Ursünden der Popkultur

Wann fing das eigentlich an, dass man unter dem Begriff „Musical“ jenes brüllend oberflächliche, trutschige Herumgehopse verstand, in dem trotz präziser Interpretation des notierten Materials kein einziger Ton zu hören ist, der nicht emotional falsch klingt?
Inzwischen hat die Fachwelt ein später verfilmtes Broadway-Musical als Quelle ausgemacht, das noch vor der LloydWebber-Invasion den gesanglichen Grundstein für diese Entwicklung legte, zu einer Zeit also, als der Begriff „Musical“ noch seine ursprüngliche Bedeutung hatte, die Gattung aber in einer gewissen Bedeutungslosigkeit versunken war: „Annie“, das Waisenkind-Rührstück von Charles Strouse. Das war im April 1977.
Kai Luehrs-Kaiser drückt es im rbb so aus: „Annie“ vereine „alle melodramatischen Kitsch-Eigenschaften der ‚Weihnachtsgeschichte‘ von Charles Dickens mit einer Aufstiegsstory à la ‚A Star Is Born‘. Es ist ein Schuss Shirley Temple mit dabei – oder Greta Thunberg, denn dieses elfjährige Waisenkind schafft es bis ins Weiße Haus zu Präsident Roosevelt, um ihm politische Messages einzuflüstern. Andrea McArdle, das losgelassene Opfer einer Eislauf-Mutter, pflegt in der Titelrolle einen plärrigen Baby-Sound.
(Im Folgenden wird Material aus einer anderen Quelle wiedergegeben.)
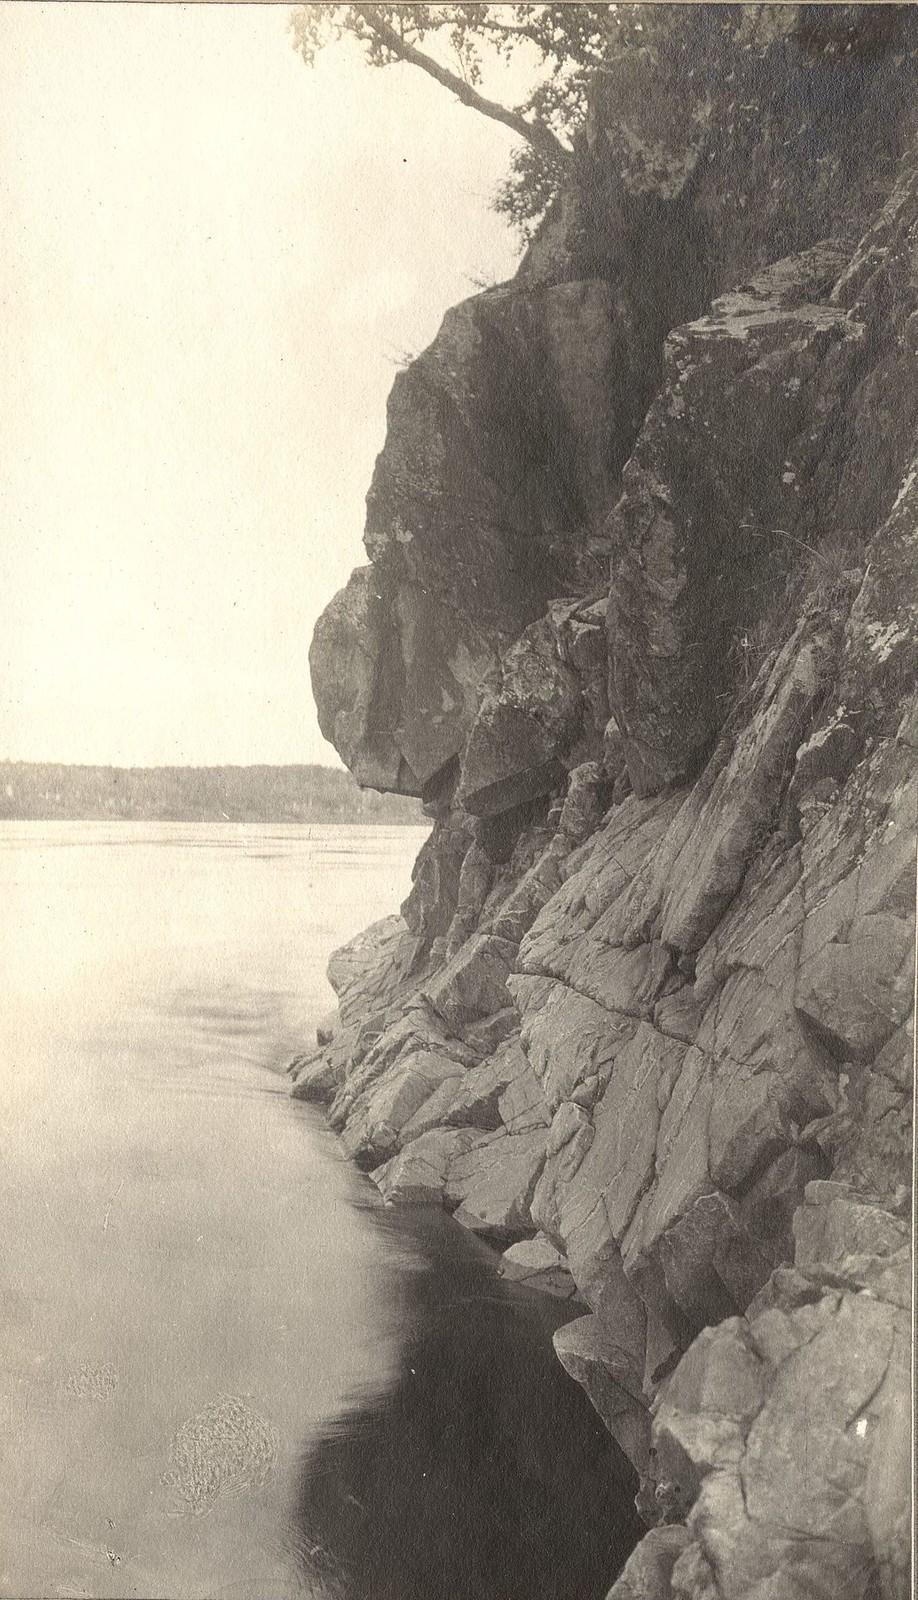 Вид участка скалистого правого берега реки Зеи.
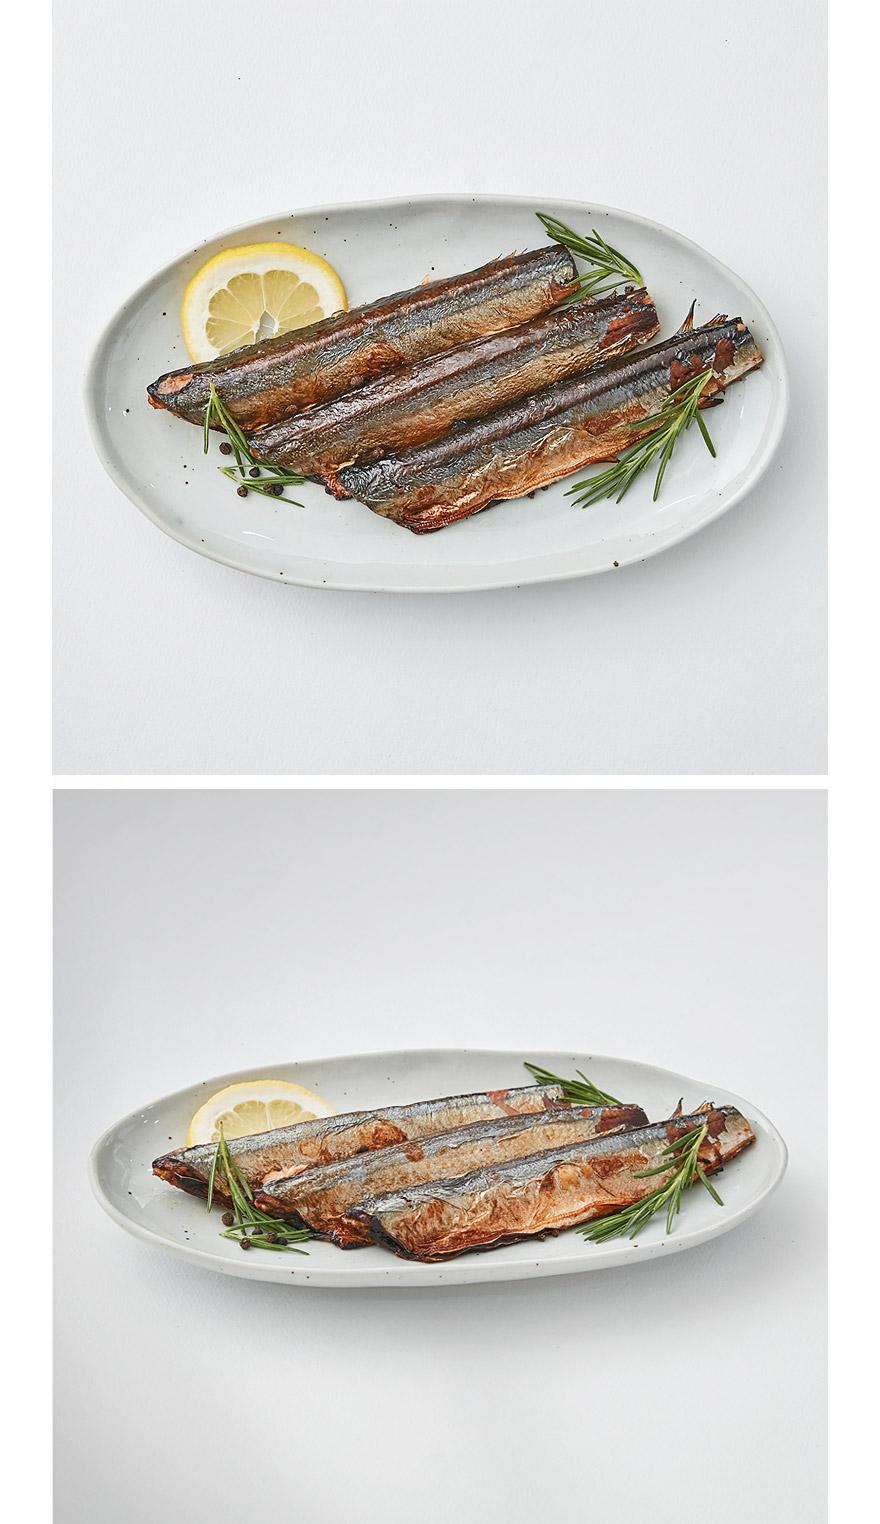 간편 꽁치구이 꽁치는 영양도 풍부하고 대중적인 등푸른 생선 중 하나에요 . 맛있는 꽁치를 집에서 간편하게 드실 수 있도록 준비했습니다. '간편 꽁치구이'는 전자렌지, 에어프라이어 등 다양한 조리도구를 이용해서 짧은 시간 안에 생선구이를 드실 수 있어요.

Das ist der Stil, in dem heute alle Musical-Sänger singen, ein Stimm-Typus, mit dem man in klassischen Musicals wie denen von Cole Porter oder Richard Rodgers nicht weit gekommen wäre. Insofern hat ‚Annie‘ Schule gemacht, was eine fatale Entwicklung ist.“

Der deutsche Synchron, der inzwischen ganz ähnlich klingt, hat einen ebensolchen folgenreichen Sündenfall. Das dürfte die TV-Serie „Mork vom Ork“ (ZDF 1979) gewesen sein. Nach der ersten Folge schrieb eine verstörte Leserin an meine Fernsehzeitung, der schrille Sound, in dem hier gesprochen würde einem die Ohren zerreißen. In der Folge machte sich dieses Idiom zunächst in anderen Sitcoms breit, bald darauf im ganzen Programm.